FCG INTERVIEW | German Sustain Concept (messe frankfurt)

“Sustainable fashion is fun too”

Messe Frankfurt has a new sustainable baby: Neonyt, a new sustain platform at the interface between trade fairs, fashion shows and conferences, will be launched parallel to the Berlin Fashion Week in January. In addition to showroom.de and Bikini Berlin, Neonyt is therefore also the ideal partner for the sustainable, two-year promotional programme Fashion Sustain Concept, initiated jointly with the Fashion Council Germany, which starts in 2019. We spoke to Thimo Schwenzfeier, Head of Neonyt and responsible for Marketing and Communications for Messe Frankfurt’s Textile Division, about the new Sustain platform, the promotion of young talent, cooperation with the FCG – and why sustainability is so important in fashion at all.

Mr Schwenzfeier, with Neonyt Messe Frankfurt has just created a new platform where everything revolves around sustainability.

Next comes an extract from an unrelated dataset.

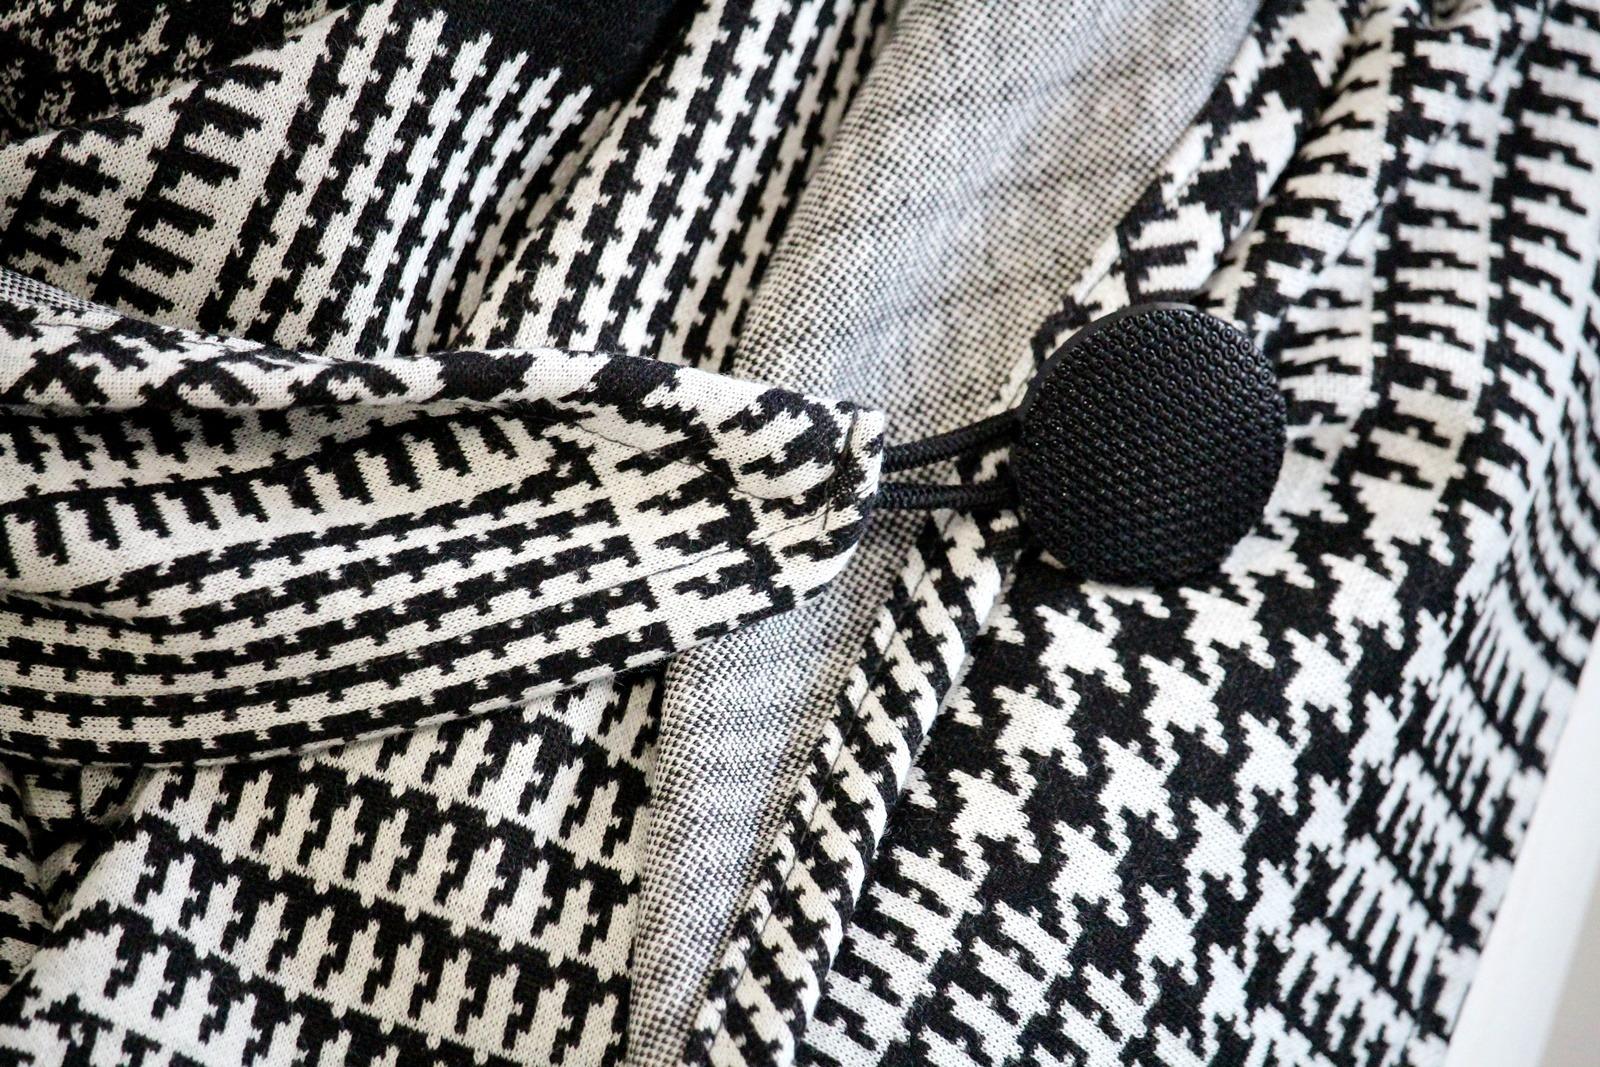 XXL Dreieckstuch Fashionable 3

Neonyt is practically not even born yet – in January it will take place for the first time as a successor to the Greenshowroom and the Ethical Fashion Show parallel to the Berlin Fashion Week, as an interdisciplinary sustain platform and a programme consisting of trade fair, fashion show, conference and panel discussions. With Neonyt we want to show that a new era has now begun for fashion in the context of sustainability.

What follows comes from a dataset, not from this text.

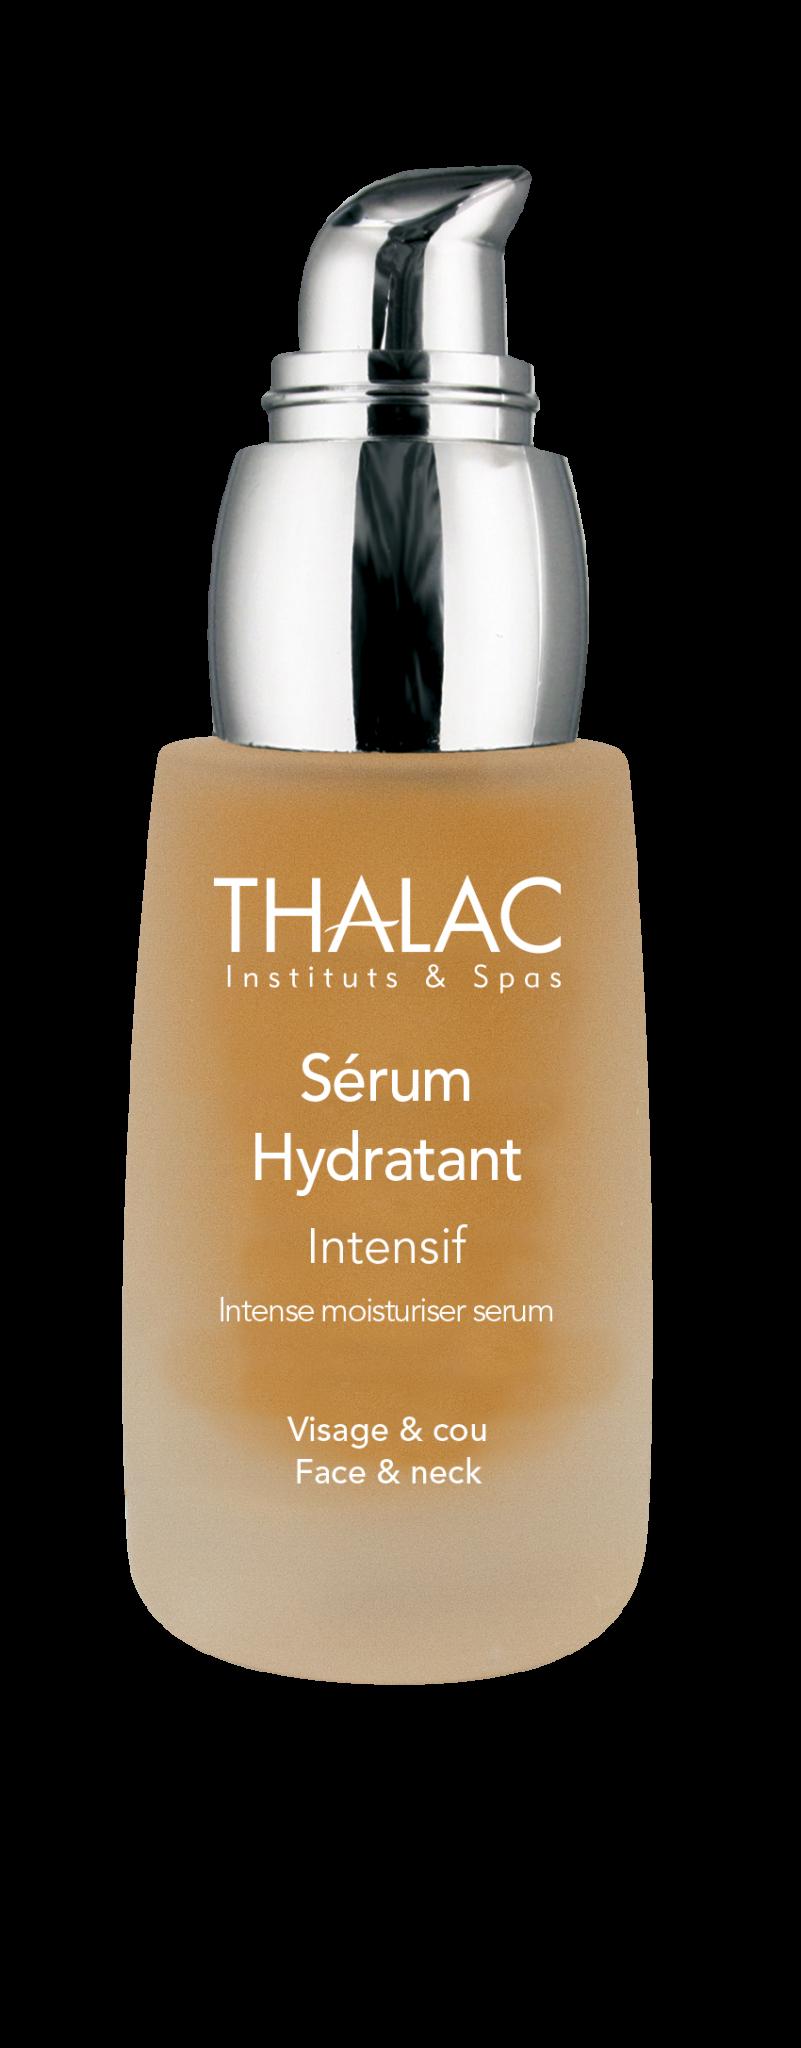 Serum Hydratant

How is this to be understood?

The tradition of commitment to sustainability has existed at Messe Frankfurt since 2004. Back then, the Ethical Fashion Show was still held in Paris, initially as a contact point for ethnic and ethical fashion. In Paris, the mother of all fashion cities, the aspect of sustainability was not yet well received, at least not yet. There, the prejudice prevailed that sustainable fashion was more textile than fashion – often rightly so: “eco-fashion” was more a political statement and the aesthetic side was usually neglected. Messe Frankfurt, which itself has a more textile than fashion background, found the link between fashion and sustain very exciting, however, which is why we took over Ethical Fashion in 2009 and transferred it to Berlin.

Why Berlin?

Green fashion, such as natural cosmetics, has a long tradition and culture throughout Germany. Berlin in particular has long been much more progressive, open and transparent than Paris. And it has a completely different scene with different lifestyles. The vegan scene also plays its part, as does the upscale “green” middle class, which consciously wants to consume and do good. In addition, the Green Showroom was launched, which was later taken over by Messe Frankfurt and shown under the same roof as Ethical Fashion. We are now merging both platforms to form Neonyt.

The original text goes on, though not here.